Tukey’s HSD constructs simultaneous confidence intervals for all the comparisons. What we mean by 95% “simultaneous” confidence interval is that there is a 95% probability that all of these confidence intervals contain the relevant true value. Moreover, we can use these confidence intervals to calculate an adjusted \(p\) value for any specific comparison.
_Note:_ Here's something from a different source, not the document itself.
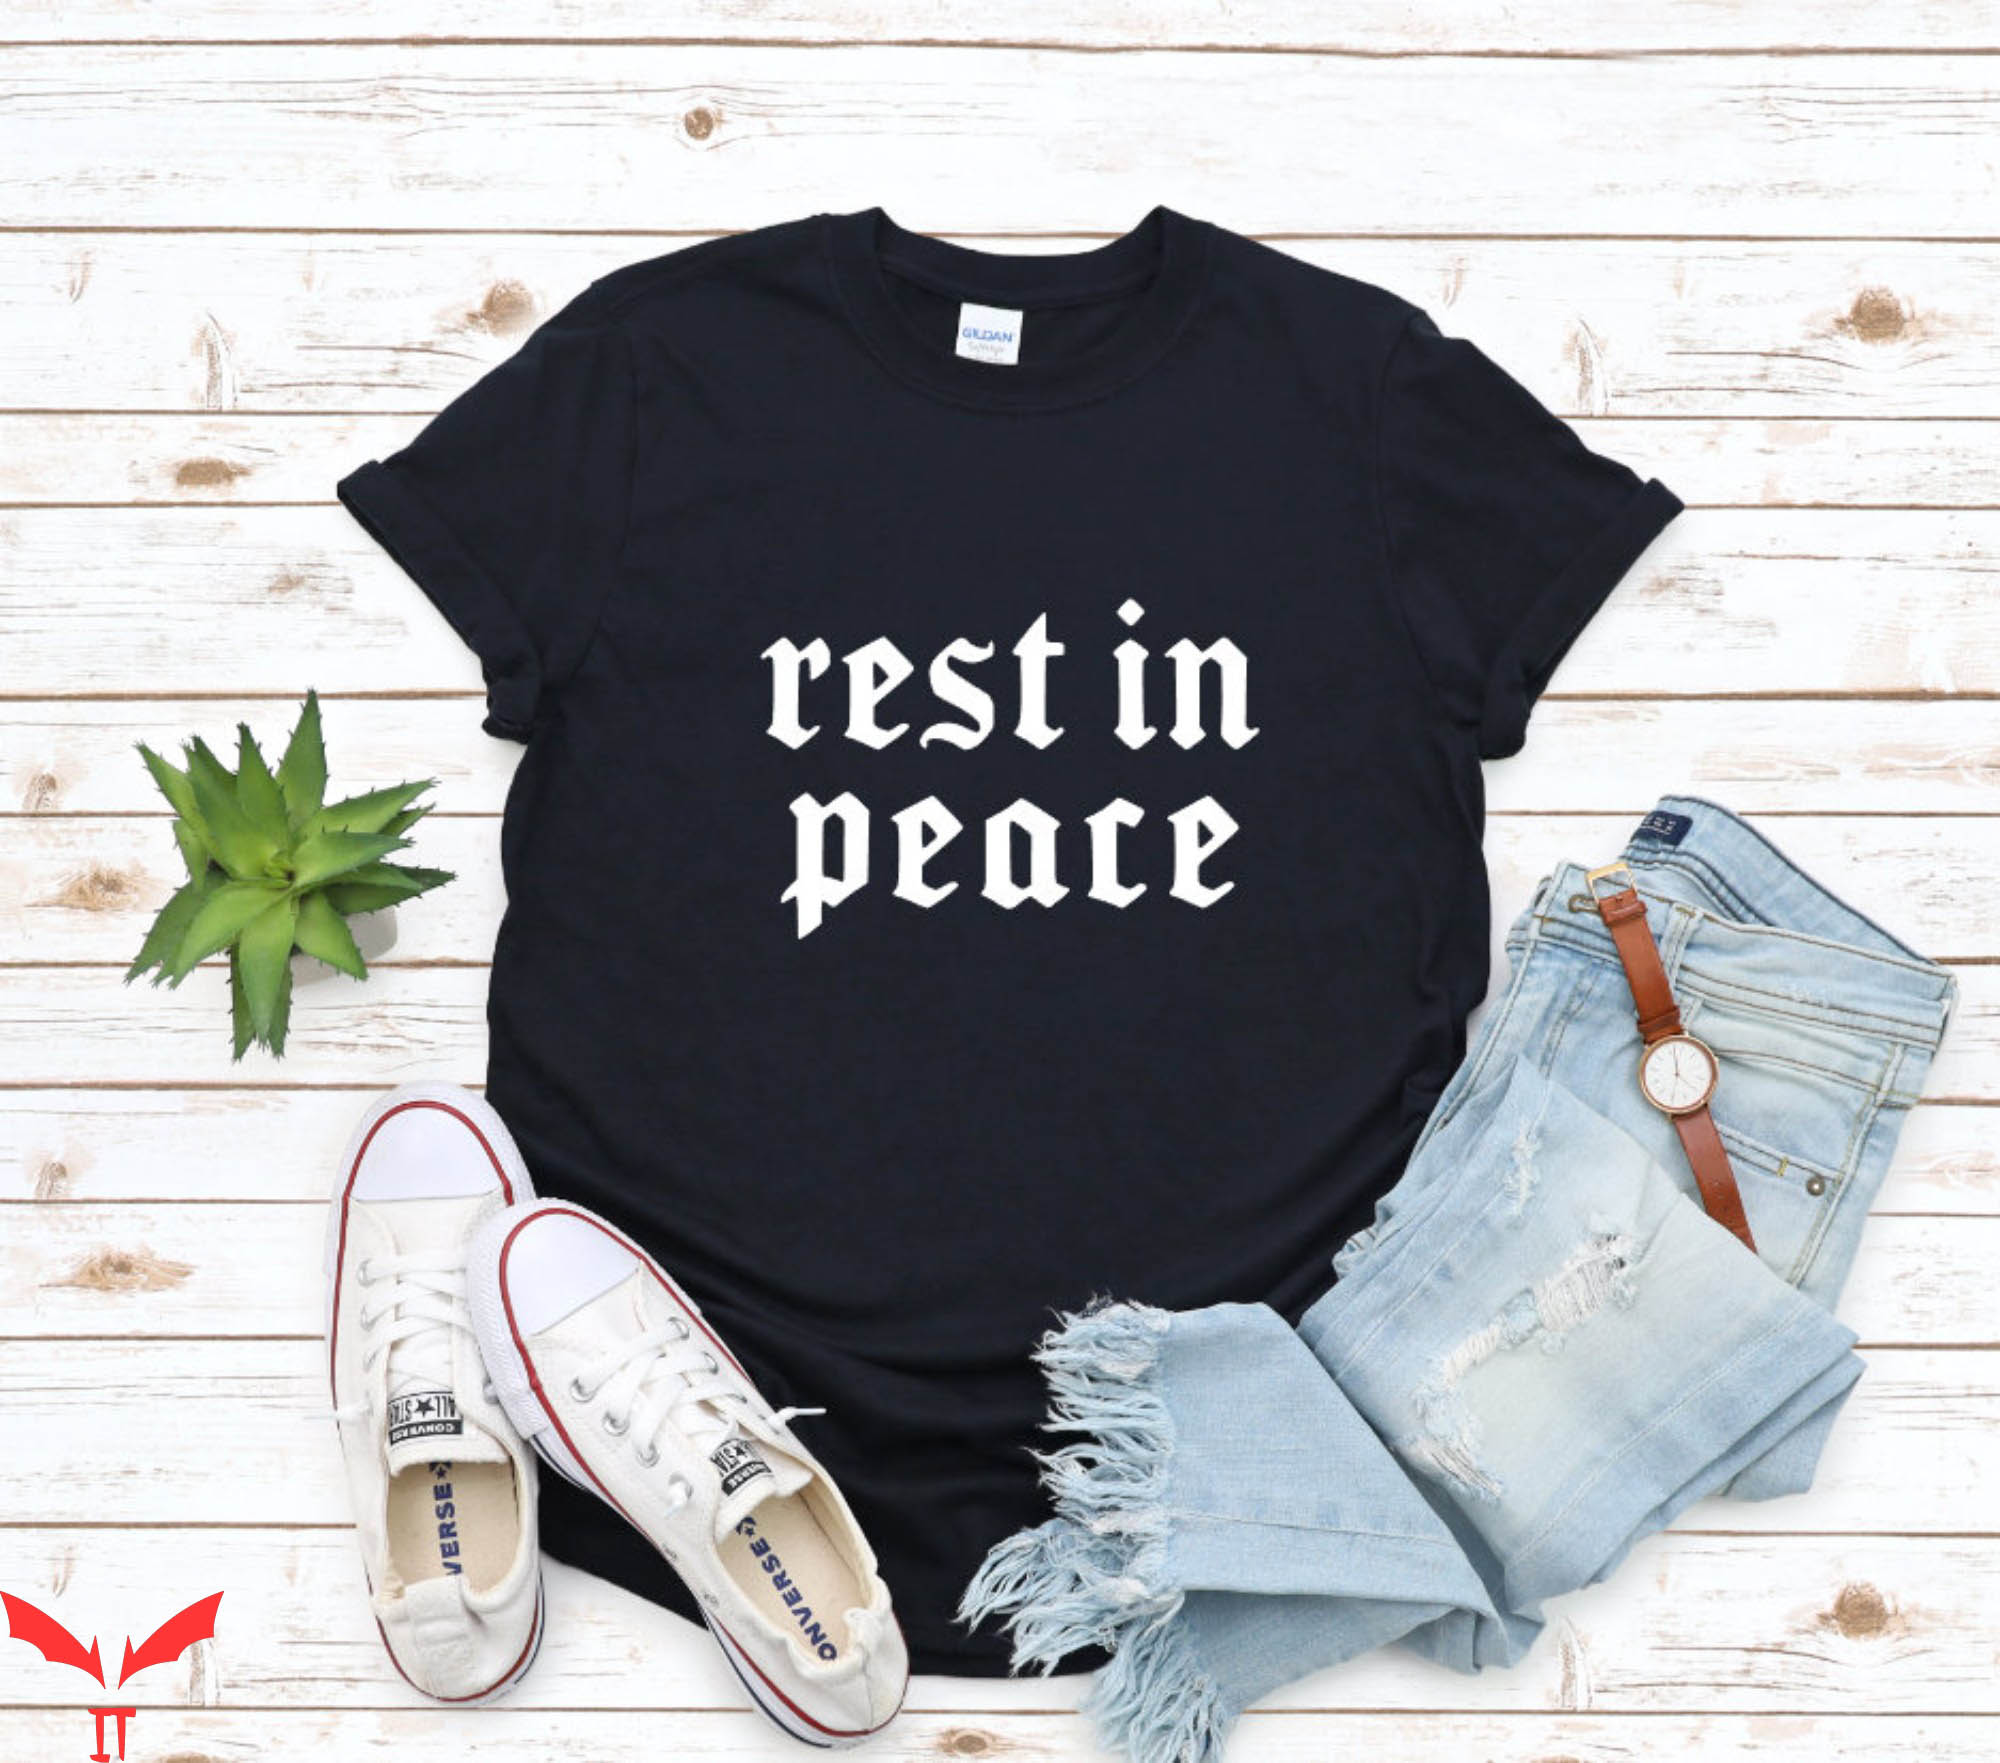 Rest In Peace T-Shirt Goth Gothic Home Decor Tee Shirt

Let’s look at the post hoc test result coming from CogStat, as seen in Figure 12.6.

Table 12.3: Multiple Comparison of Means - Tukey HSD, FWER=0.05
group1 group2 meandiff p-adj lower upper reject
anxifree joyzepam 0.7667 0.0015 0.3099 1.2235 True
anxifree placebo -0.2667 0.3115 -0.7235 0.1901 False
joyzepam placebo -1.0333 0.0001 -1.4901 -0.5765 True

The first column shows one of the groups in our comparison, namely the drug. The second column shows which other group we are comparing against in pairs. The third column is our statistic (the mean difference), and the fourth column is the adjusted \(p\) value. The fifth and sixth columns show the lower and upper bounds of the 95% confidence interval for the mean difference. The final column shows whether or not we reject the null hypothesis that the mean difference is zero.
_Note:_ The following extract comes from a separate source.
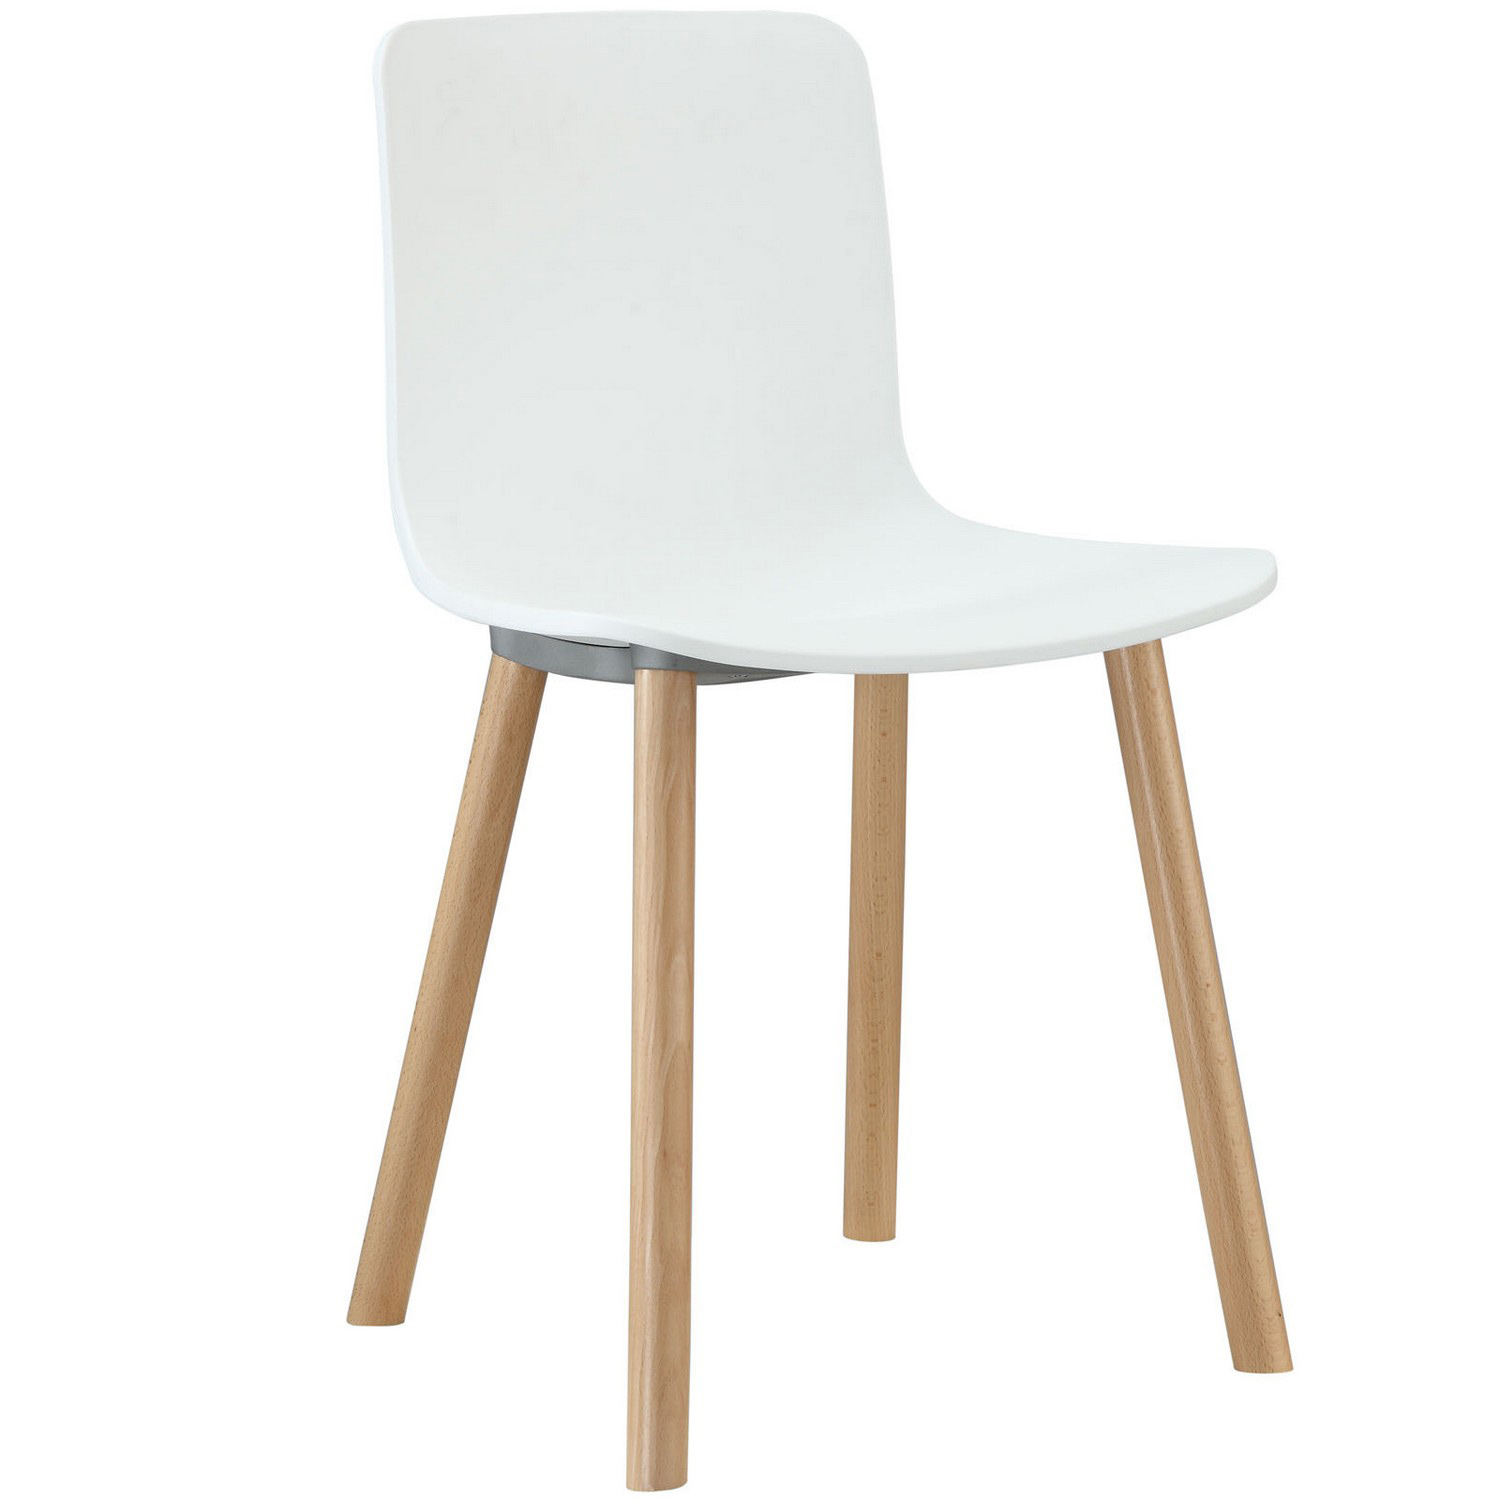 Modway Sprung Dining Side Chair - White

The easiest way to interpret the results is to look at what pairs have rejected the null hypothesis (of not having a significant difference).

In our case, we see in the first result line that Joyzepam is significantly better than Anxifree, because the mean difference is positive (meaning an improvement from Anxifree to Joyzepam), our \(p\)-value is less than 0.05, and the confidence interval does not include zero. The last column indicates we rejected the null hypothesis.
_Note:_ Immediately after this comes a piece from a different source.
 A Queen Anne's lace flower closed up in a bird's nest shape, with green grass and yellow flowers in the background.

We also see in the third line that Joyzepam is significantly better than the placebo because the mean difference is negative from Joyzepam to placebo. The \(p\)-value is less than 0.05, and the confidence interval does not include zero, and the last column indicates we rejected the null hypothesis.

In the second line, from Anxifree to the placebo, we see a negative mean difference, meaning that while Anxifree looks like it’s performing better than the placebo (as we’ve seen in the boxplot as well), the confidence interval does include zero, and the \(p\)-value is greater than 0.05, so we fail to reject the null hypothesis.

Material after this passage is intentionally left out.